The Reduction of Infant Mortality in Illinois

The Family Case Management Program and Special Supplemental Nutrition Program for Women, Infants and Children (WIC)

Illinois' integrated strategy for improving maternal and child health focuses on four outcomes:

  • reducing the very low birth weight rate;
  • reducing the low birth weight rate;
  • reducing Medicaid expenditures during the first year of life; and
  • reducing the infant mortality rate.

Very low birth weight infants (newborns who weigh less than 3 pounds 2 ounces) require intensive medical care. While these infants represent less than two percent of all live births, they account for two-thirds of the infants who die in the first year of life. Interventions that reduce the very low birth weight rate also will reduce Medicaid expenditures during the first year of life and reduce the infant mortality rate.
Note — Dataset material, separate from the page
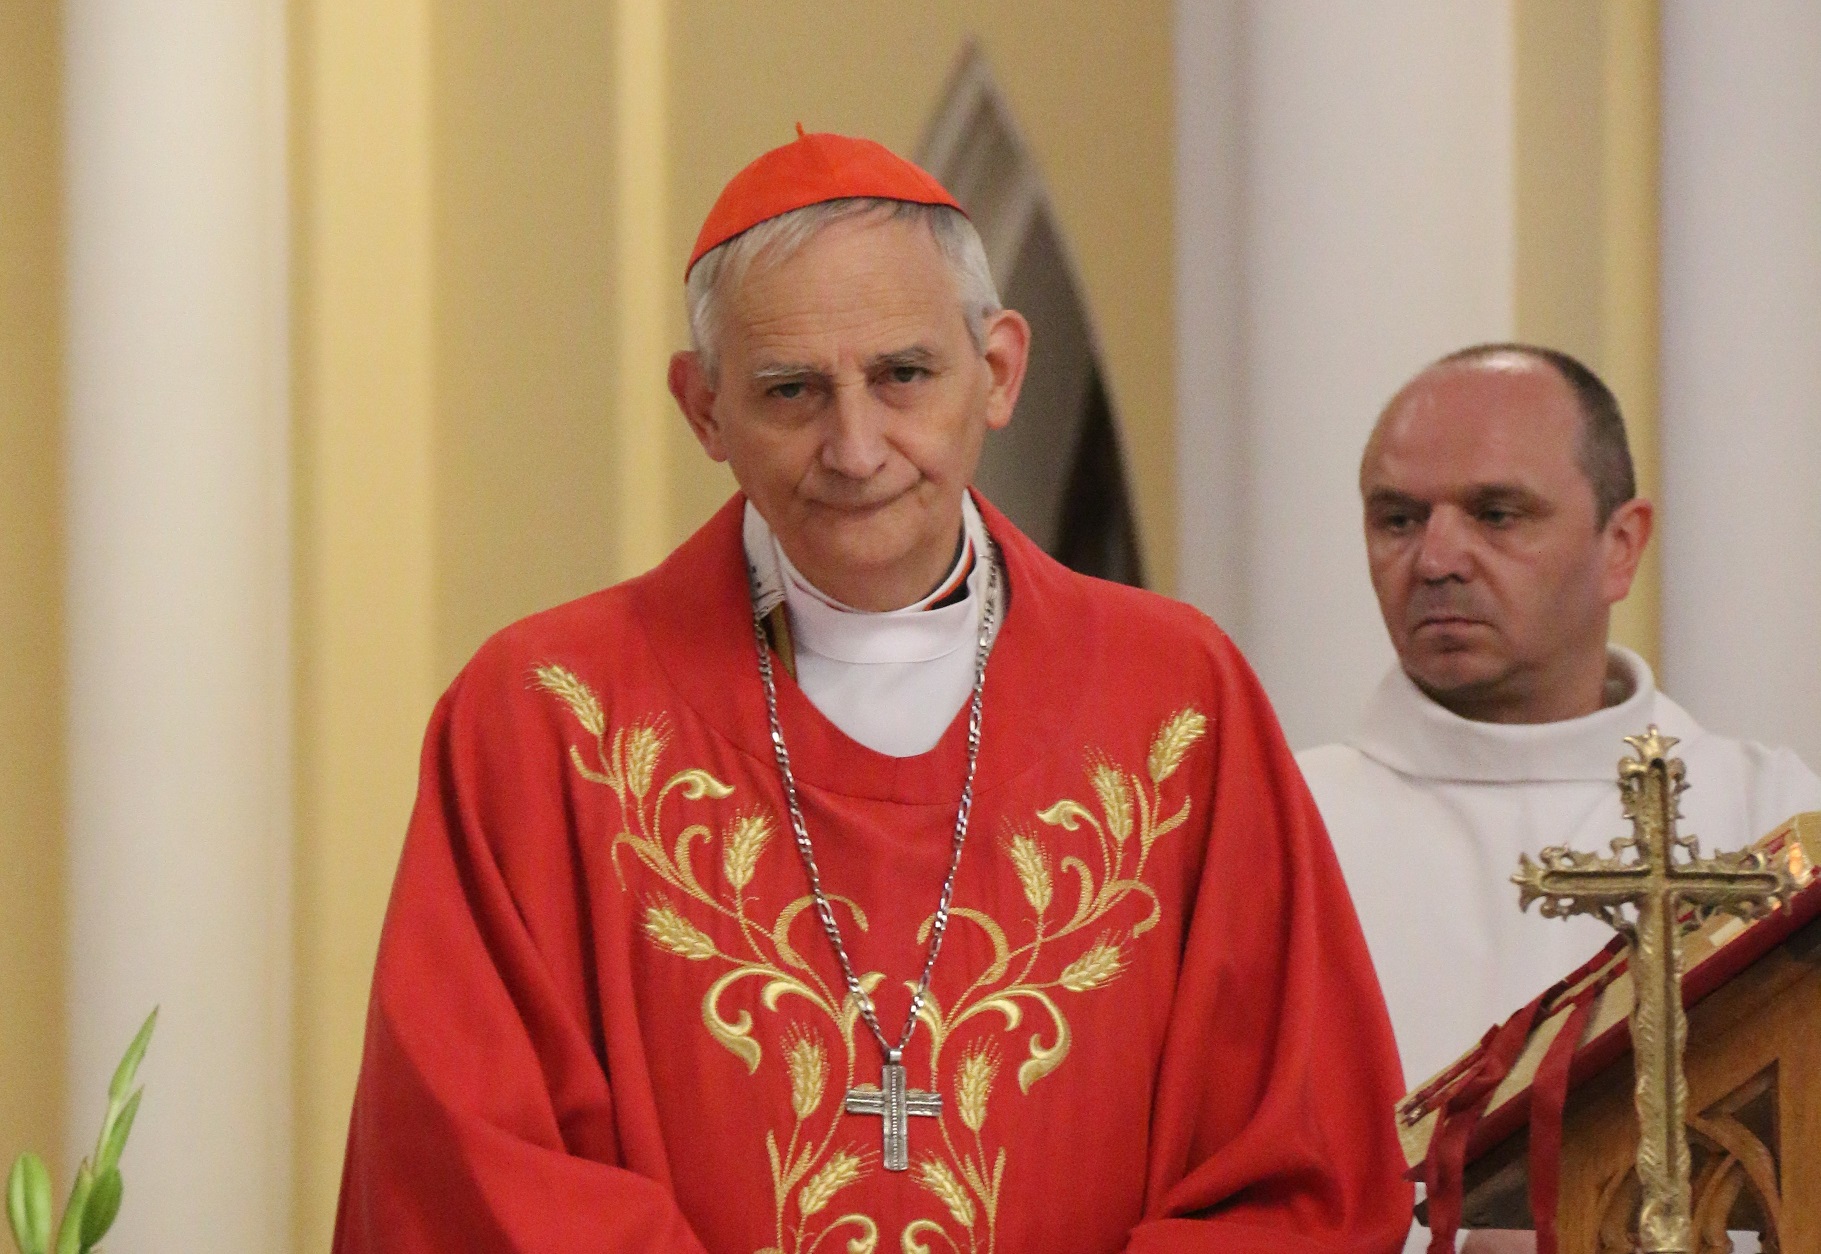 Кардинал Дзуппи заявил, что у Ватикана нет своего плана для начала переговоров по Украине
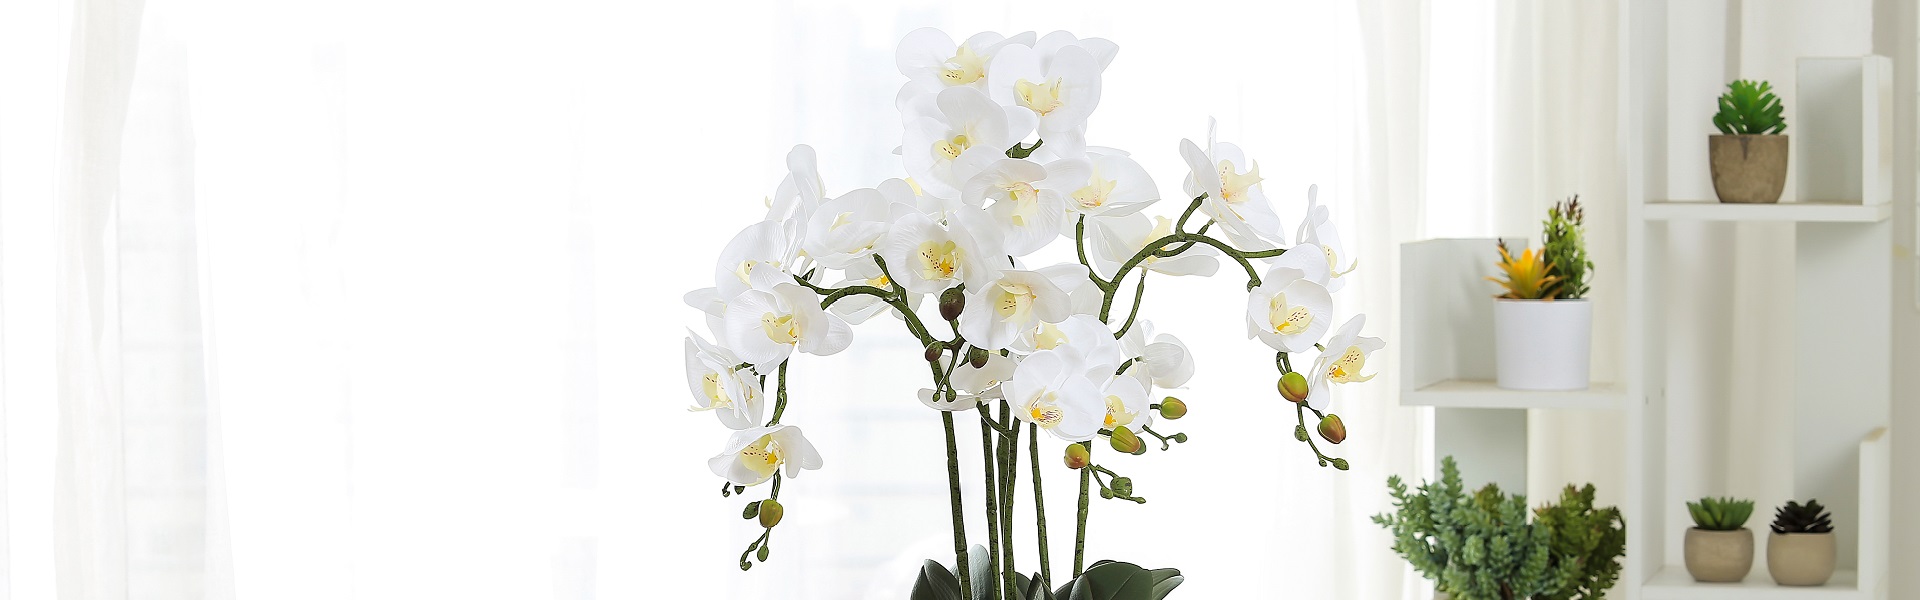 พืชเทียม, succulents ประดิษฐ์, ดอกไม้ประดิษฐ์,Huizhou Baifeng Arts&Crafts Co.,Ltd.

The integrated delivery of the WIC and FCM programs is having a significant impact on the state's infant mortality rate and health care expenditures. Nine consecutive annual program evaluations have shown that the health status of infants born to Medicaid-eligible women who participated in both WIC and FCM has been substantially better than that of infants born to Medicaid?eligible women who did not participate in either program. In particular, the rate of premature birth is more than 60 percent lower among participants in both programs. The rate of low birth weight is more than 35 percent lower; the rate of infant mortality is more than 55 percent lower; and health care expenditures during the first year of life are more than 30 percent lower.